This regular expression works as expected in "The Regex Coach":
(?m)^(\w+)(?:\s+)??((?:.*(?:[\n]^\s+)?.*)*)?
In a
Java program, (tested on 1.4.2_3 or 1.5 beta 1) it looks like this
(?m)^(\\w+)(?:\\s+)??((?:.*(?:[\\n]^\\s+)?.*)*)?
_________________________ ^^^^^^^^^^^^^^ ___________ carets mark the section that does continuation
The regex group(1) captures the term "Budgie" and group(2) is its definition: "Active and amusing miniature parrot native to Australia"
EXCEPT that
in Java, the continuation line is ignored, and we get "Active and amusing miniature parrot". I am sure the problem is in here: (?:[\\n]^\\s+)
Inserting $ in almost every conceivable position had no effect.
I also tried .? after [\\n] just in case there was something after the newline and before ^ the beginning of the actual new line. It doesn't seem to matter if there are two, three, four or even five backslashes [\\\\\n].
Either the continuation is ignored or the program captures nothing at all.
I want to do this <term>Cat</term> <meaning>Natural loner</meaning>
with a definition file having some lines blank and ignored, and some lines have terms without definitions.

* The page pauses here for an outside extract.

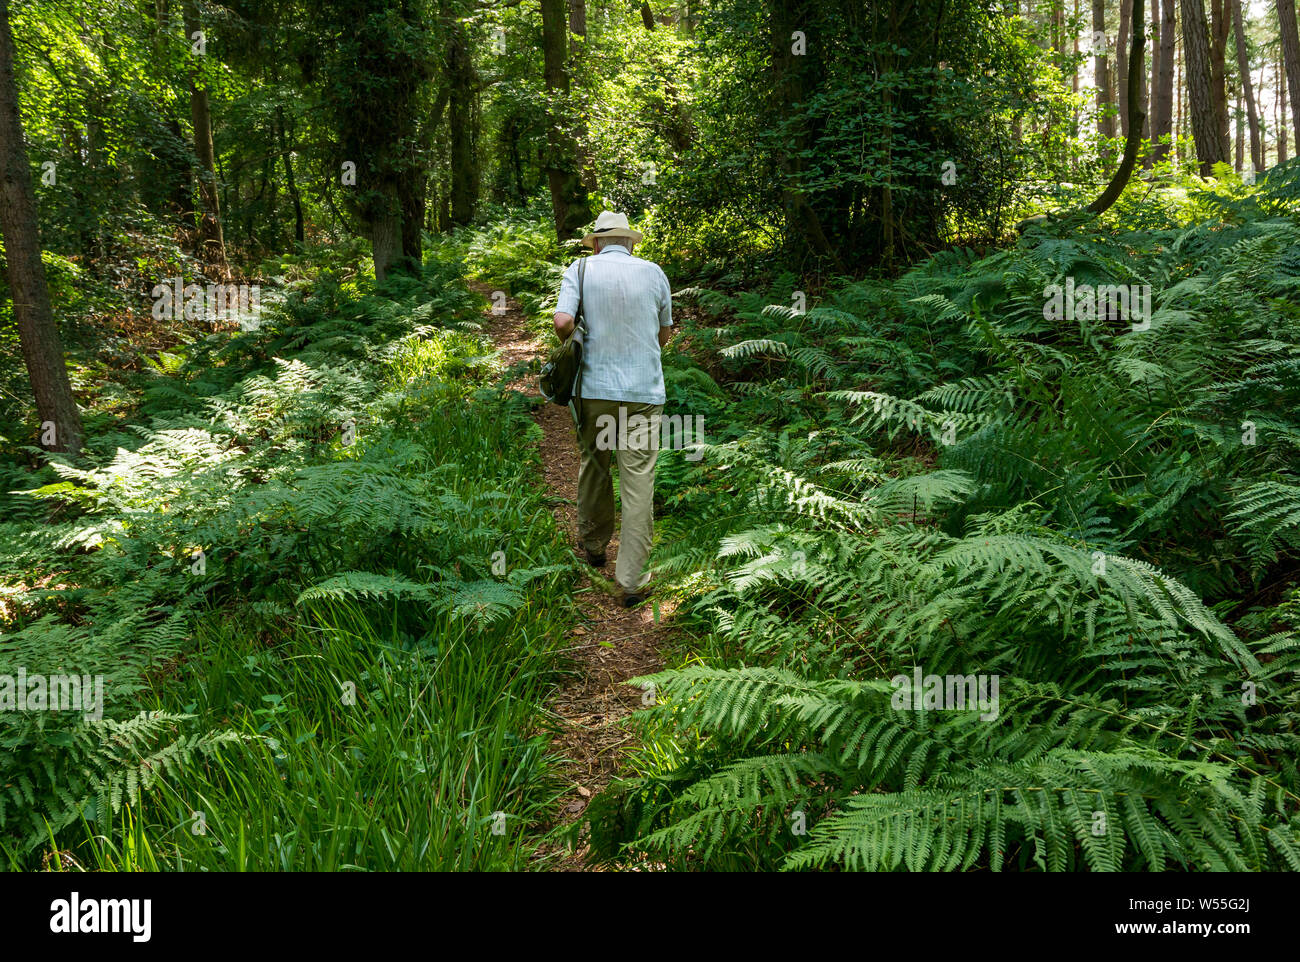 Humbie legno, East Lothian, Scozia, Regno Unito, 26 luglio 2019. Regno Unito Meteo: un uomo anziano che indossa un cappello di Panama passeggiate all'ombra di un fitto bosco di un paese a piedi in estate Foto Stock

I have added underscores for leading blanks, because they are being edited out by the
forum.
Cat Natural loner
Dog Best friend
Budgie Active and amusing miniature parrot
____native to Australia
____and popular as a house pet
Eagle American mascot
Any suggestions as to what I could try?
[ August 13, 2004: Message edited by: Mike Rainville ]
[ August 13, 2004: Message edited by: Mike Rainville ]